# Pairwise independence

In probability theory, a pairwise independent collection of random variables is a set of random variables any two of which are independent.[1] Any collection of mutually independent random variables is pairwise independent, but some pairwise independent collections are not mutually independent. Pairwise independent random variables with finite variance are uncorrelated.

A pair of random variables X and Y are independent if and only if the random vector (X, Y) with joint cumulative distribution function (CDF) ${\displaystyle F_{X,Y}(x,y)}$ satisfies

${\displaystyle F_{X,Y}(x,y)=F_{X}(x)F_{Y}(y),}$

or equivalently, their joint density ${\displaystyle f_{X,Y}(x,y)}$ satisfies

${\displaystyle f_{X,Y}(x,y)=f_{X}(x)f_{Y}(y).}$

That is, the joint distribution is equal to the product of the marginal distributions.[2]

Unless it is not clear in context, in practice the modifier "mutual" is usually dropped so that independence means mutual independence. A statement such as " X, Y, Z are independent random variables" means that X, Y, Z are mutually independent.

## Example

Pairwise independence does not imply mutual independence, as shown by the following example attributed to S. Bernstein.[3]

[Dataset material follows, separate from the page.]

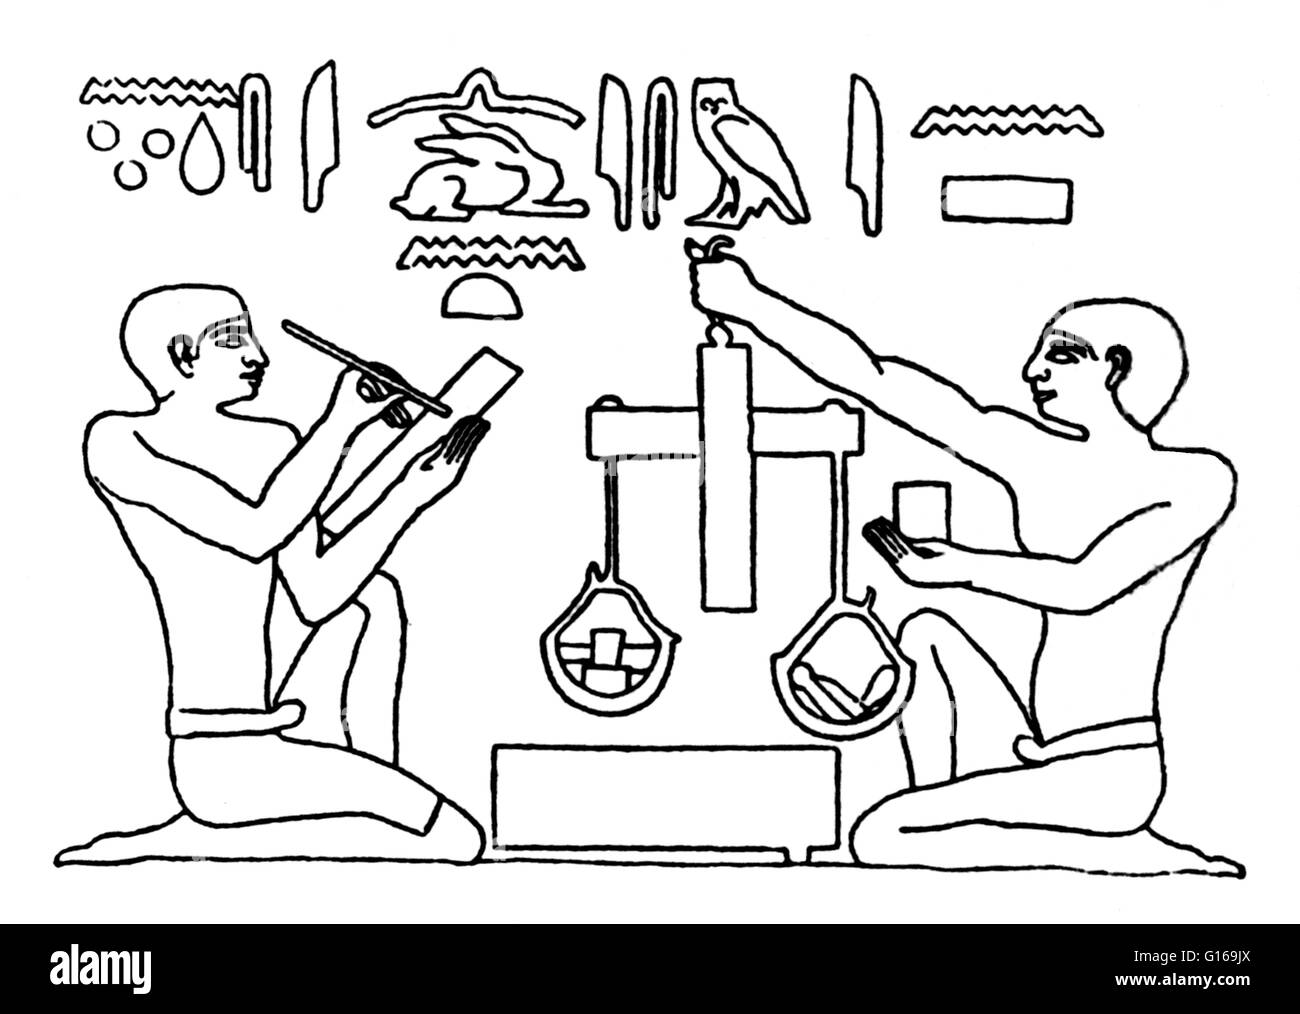 Poids et mesures ont été parmi les premiers outils inventés par l'homme.  Début de l'Égyptien, babylonien et enregistrements et la Bible, indiquent  que la longueur a été mesuré pour la première fois

Suppose X and Y are two independent tosses of a fair coin, where we designate 1 for heads and 0 for tails. Let the third random variable Z be equal to 1 if exactly one of those coin tosses resulted in "heads", and 0 otherwise. Then jointly the triple (X, Y, Z) has the following probability distribution:

${\displaystyle (X,Y,Z)=\left\{{\begin{matrix}(0,0,0)&{\text{with probability}}\ 1/4,\\(0,1,1)&{\text{with probability}}\ 1/4,\\(1,0,1)&{\text{with probability}}\ 1/4,\\(1,1,0)&{\text{with probability}}\ 1/4.\end{matrix}}\right.}$

Here the marginal probability distributions are identical: ${\displaystyle f_{X}(0)=f_{Y}(0)=f_{Z}(0)=1/2,}$ and ${\displaystyle f_{X}(1)=f_{Y}(1)=f_{Z}(1)=1/2.}$ The bivariate distributions also agree: ${\displaystyle f_{X,Y}=f_{X,Z}=f_{Y,Z},}$ where ${\displaystyle f_{X,Y}(0,0)=f_{X,Y}(0,1)=f_{X,Y}(1,0)=f_{X,Y}(1,1)=1/4.}$

Since each of the pairwise joint distributions equals the product of their respective marginal distributions, the variables are pairwise independent:

• X and Y are independent, and
• X and Z are independent, and
• Y and Z are independent.

However, X, Y, and Z are not mutually independent, since ${\displaystyle f_{X,Y,Z}(x,y,z)\neq f_{X}(x)f_{Y}(y)f_{Z}(z)}$. Note that any of ${\displaystyle \{X,Y,Z\}}$ is completely determined by the other two (any of X, Y, Z is the sum (modulo 2) of the others). That is as far from independence as random variables can get.

## Generalization

More generally, we can talk about k-wise independence, for any k ≥ 2. The idea is similar: a set of random variables is k-wise independent if every subset of size k of those variables is independent. k-wise independence has been used in theoretical computer science, where it was used to prove a theorem about the problem MAXEkSAT.